Ed Manetta, senior vice president for sports marketing with Daniel J. Edelman Public Relations, said Nall probably could win some deals promoting local companies or products. Companies also might hire her to give motivational talks or to appear at employee functions, he said.

Nall, who begins her junior year at Towson Catholic High School this fall, said she has not decided whether she will swim in the 1996 Games in Atlanta or what she wants to do for a living after that. In general, she finds appealing a career that involves outdoor work or work with animals, she said.

Her Olympic effort was directed at competition, she said. But she's not opposed to making money from it.

She and her family gambled that she could earn enough from commercial contracts to pay for college. She waived her NCAA eligibility -- and her chances for an athletic scholarship worth $7,000 to $20,000 a year depending on the school -- by accepting a $1,500-a-month stipend during Olympic training from U.S. Swimming, the governing body of America's Olympic swimming effort.

"If she makes a few bucks, she deserves it. We're not looking to make a lot of hay from this. . . . She'll make enough money to pay for college, and that's fine," John Nall said. Her school will come first, he said.

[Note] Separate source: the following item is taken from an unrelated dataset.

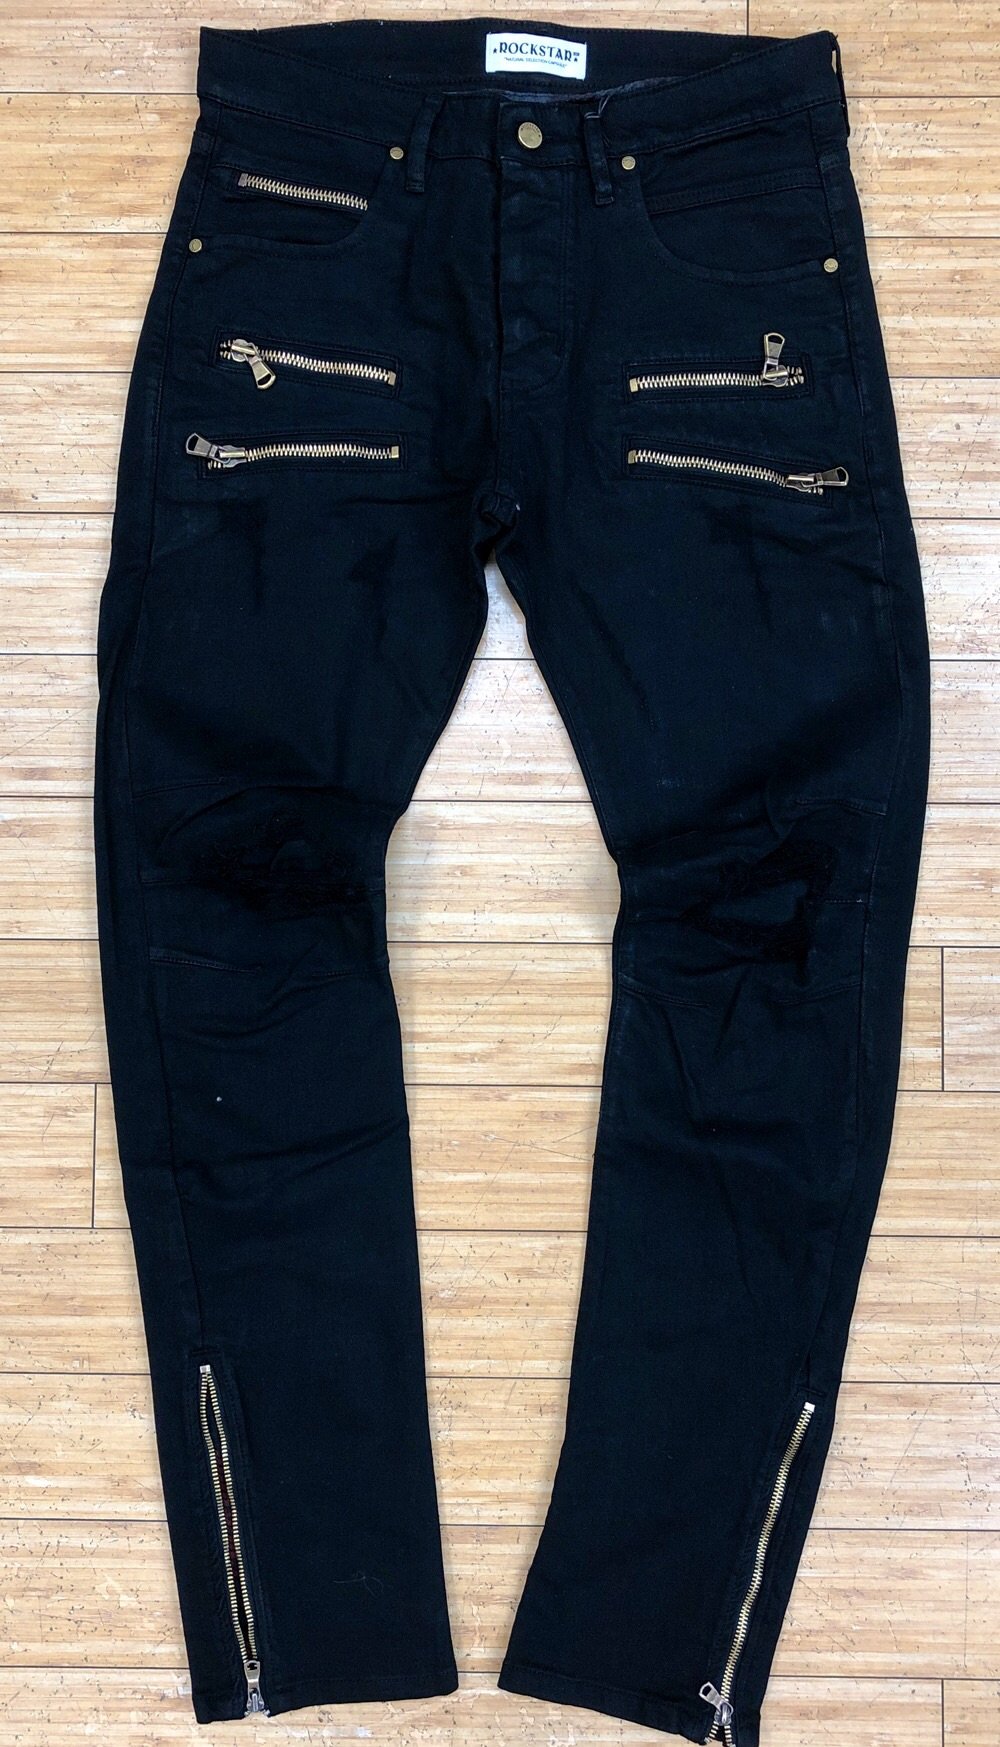 Rockstar- Yamato (black) jeans

So far, there have been some offers and calls from agents, he said. The family has opted not to hire an agent and is using a local attorney to negotiate deals. She has kept her profile up by granting interviews with the media, something the family hopes will enhance her commercial appeal.

She has been approached by Hecht's, which is interested in having her appear at a fashion show in exchange for some free clothes. Towson wants her to be grand marshal of its July 4 parade next year.

The Gap ads before the Olympics paid $700, and agreeing to appear on some trading cards paid another $500. The Speedo deal probably will be the biggest. The details still are being worked out, but it could be worth up to $20,000, John Nall said.

Before the Games, two companies offered him a few hundred dollars to wear T-shirts and hats with the name of the companies on them when he was in the stands watching his daughter compete. The companies were hoping for exposure when the television cameras showed the family in the stands.

"I got to thinking about it, but for a few hundred dollars I'm going to look like a sign post," he said. He declined the offers.